Today is Shrove Tuesday, known by various names across the world.
The English Shrove Tuesday came from the word "shriven" which means to be forgiven, as in going to the Sacrament of Confessiom prior to Lent and Easter.
The idea of eating pancakes, which is traditional on this day, comes from the attempt to get rid of fats and sugars, which in the old days were forbidden during Lent.
Not all cultures eat pancakes on Shrove Tuesday, however. In Denmark, they eat Danish buns filled with jam or whipped cream. Their pre-Lenten sweet day is celebrated on the Sunday before Ash Wednesday and is called Fastelavn.
In Germany, Shrove Tuesday is called Fasnacht and donuts are eaten. The deep fried sweet treats are a great way to get rid of both oil and sugar in the house. My own grandmother used to fry donuts on this day.
In France, the day before Ash Wednesday is known as Mardi Gras, which literally means "Fat Tuesday"--the feast before the long fast of Lent. Carnival was a Christianized form of the ancient Roman celebration of Bacchanalia, a "let it all hang out" celebration of Bacchus, the Roman god of wine. The Church decided to keep the popular feast before the 40 day long Lenten fast, which was much stricter than it is today.

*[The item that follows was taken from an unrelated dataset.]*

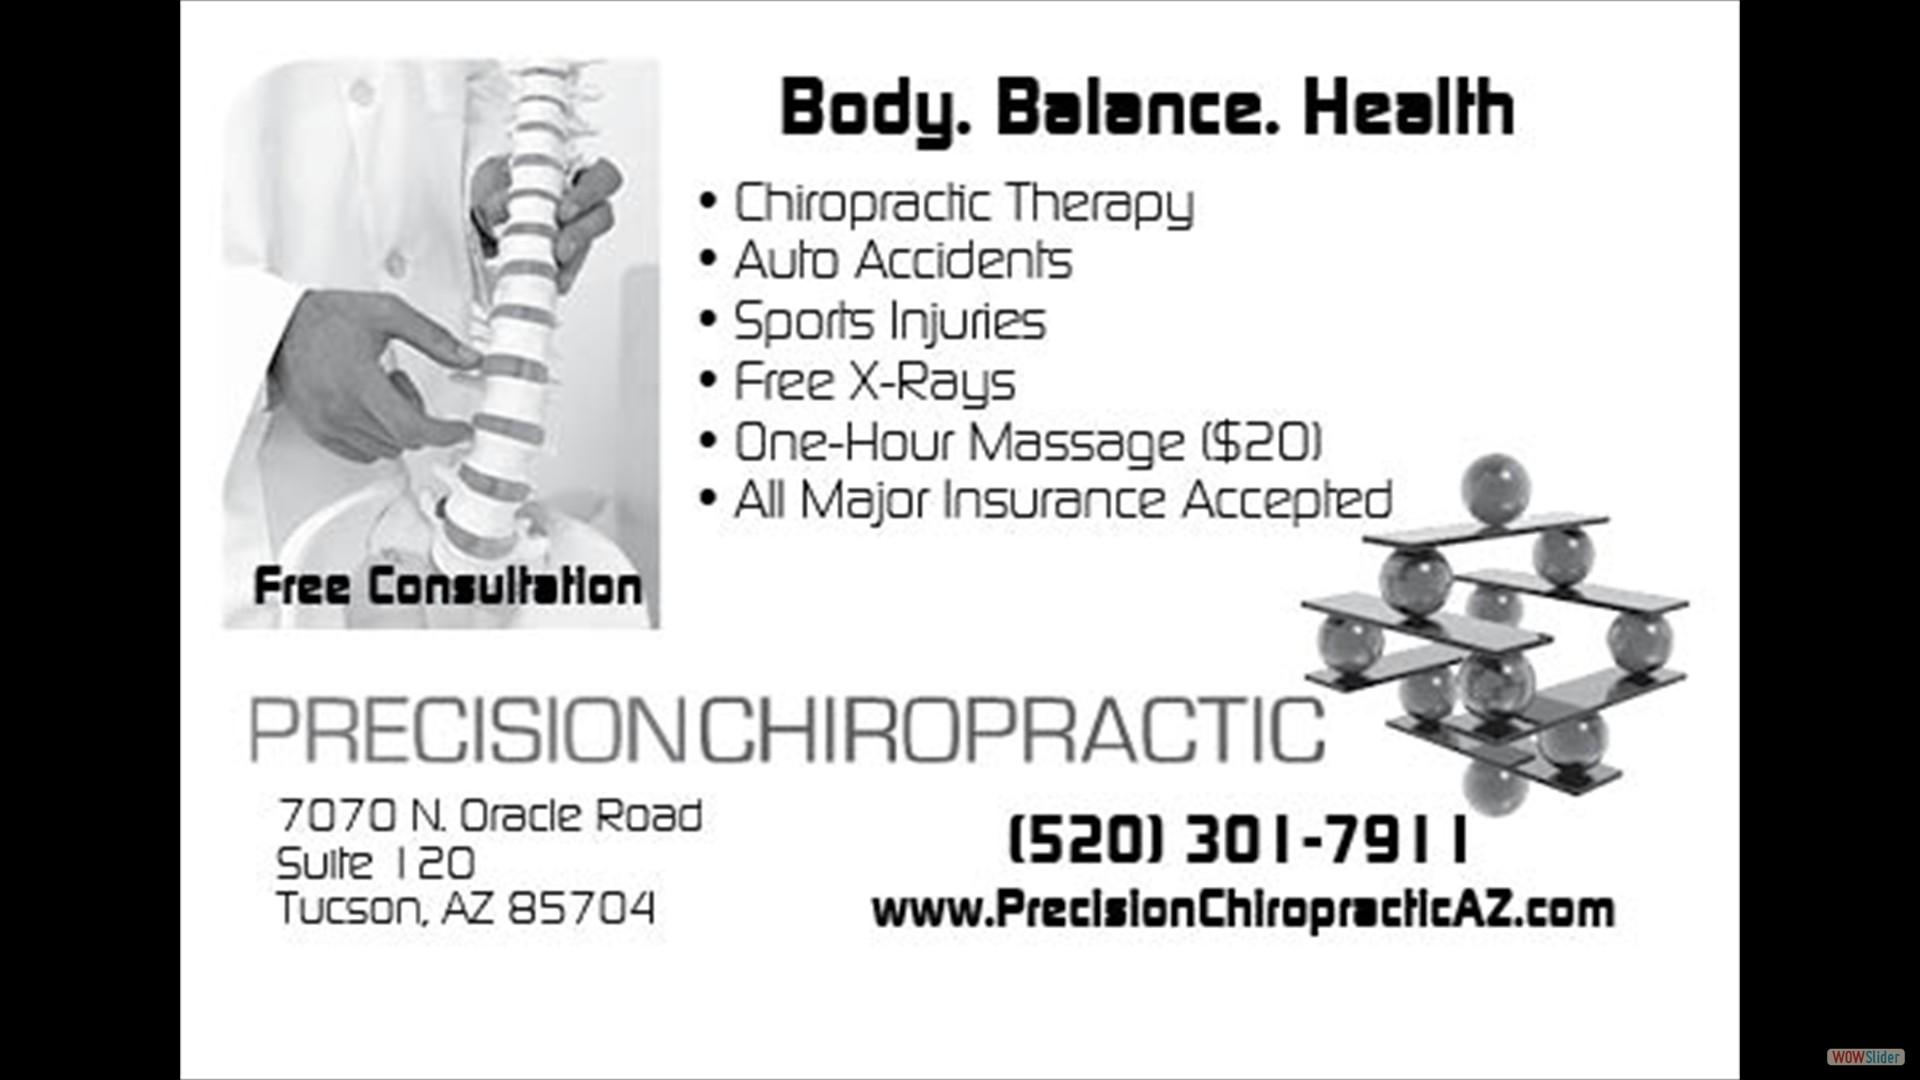 Precision Chiropractic top borderless

The Eastern Church has a less extreme way of ridding your home of forbidden Lenten foods. The second Sunday before their Great Lent is the Sunday of the Last Judgment also known as Meatfare Sunday, when all the meat in your house is to be eaten in preparation for Lent, when no meat is eaten at all.
The next Sunday is Forgiveness Sunday, also called Cheesefare Sunday. On this day, Orthodox Christians consume dairy products, which are forbidden during Lent. Forgiveness Vespers on this day focuses on fasting and forgiveness.